Mr. Stephens did not agree with those who assailed a "higher law." He believed in it, and held that in the law of the Creator, as manifested in His works and His revelations, the cause of the South eminently rested. In an eloquent passage he showed why he recognised to the fullest extent the doctrine that all human laws and constitutions must be founded upon the divine law. He would not swear to support any constitution inconsistent with this higher law. He showed the gradation of every thing in nature, and condemned, as the wickedest of all follies and the absurdest of all crusades, those which attempt to make things equal which God in his wisdom has made unequal. Slavery or subordination was the normal condition of the negro. He did not hold to the doctrine which teaches that that Government is best which secures the greatest amount of happiness to the greatest number. One hundred men have no right to enjoy happiness at the expense of ninety-nine or a less number. That

is best which secures the most happiness to all; and if our system is not the best, or cannot be made the best, for both master and slave, it ought to be abandoned. While Southern security was, in his eyes, paramount to the safety of the Union, he expressed himself strongly in favor of the latter, and believed that it would be preserved as long as intelligence, virtue, integrity, and patriotism ruled the National Councils.
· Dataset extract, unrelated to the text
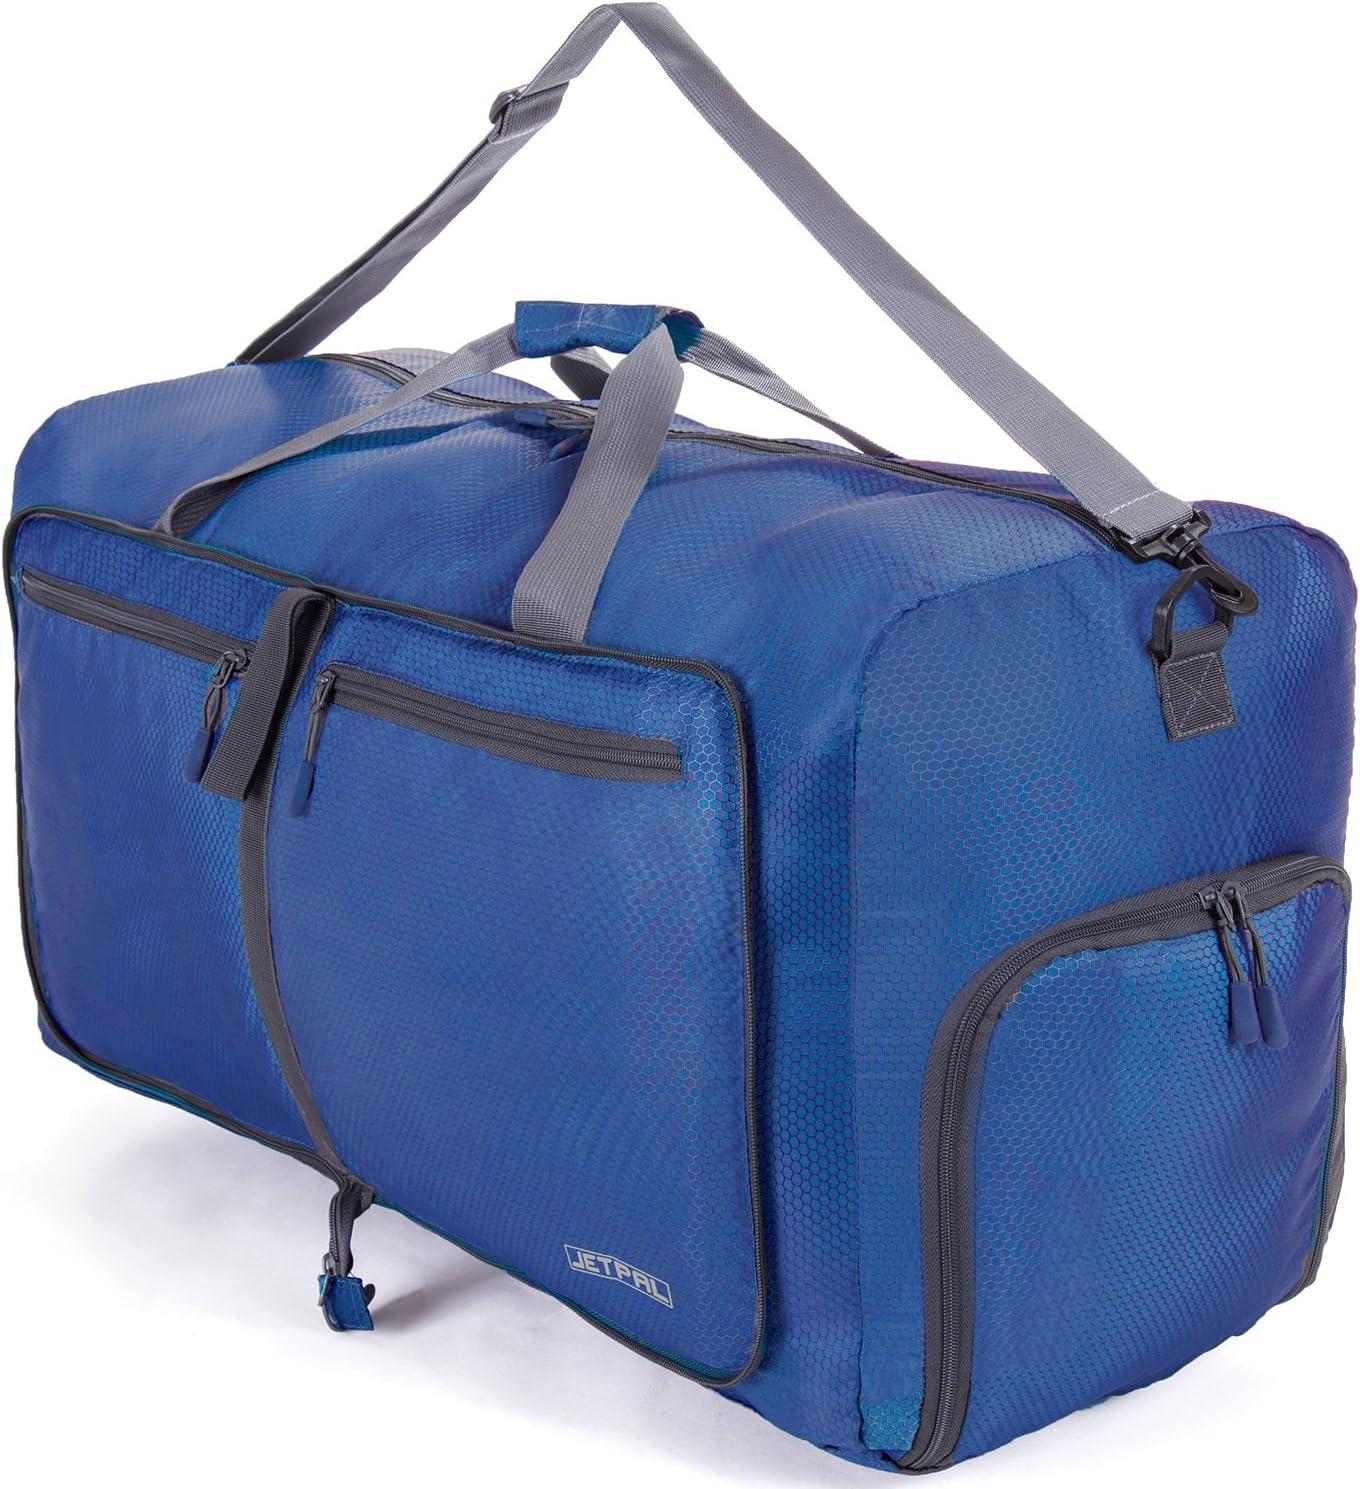 Choose Your Size JETPAL Spacious Foldable Duffel Bag
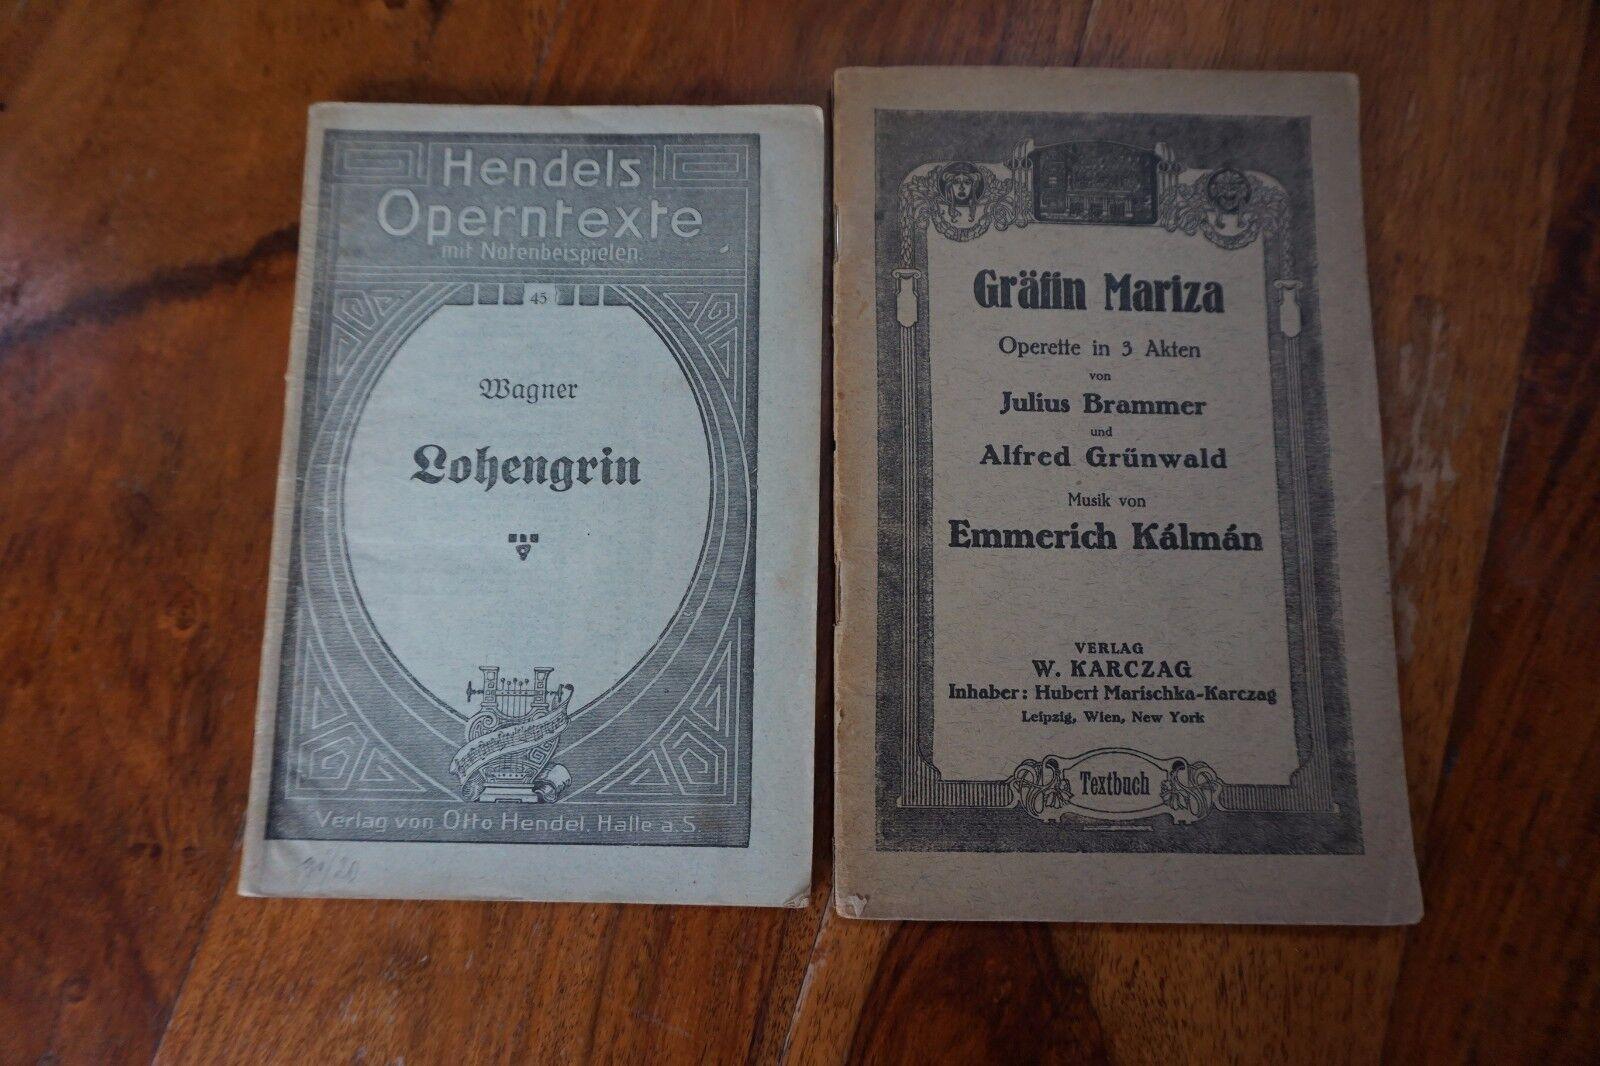 Textbücher Opernbücher Operntexte Gräfin Mariza Lohengrin

In conclusion, Mr. Stephens said he retired from no feelings of discontent, but because, the questions having been settled with which he had been connected, he desired to follow some more agreeable pursuits. There was no office under heaven he wished to hold; and, in quitting public life, he hoped and believed no crisis would occur to require his active participation in public affairs again. With a deep regret if he had ever, in the heat of party excitement, inadvertently wounded the feelings of an opponent, he invoked undisturbed peace and prosperity on our common country. In that speech one of the best and wisest men of the country took his leave of the public stage.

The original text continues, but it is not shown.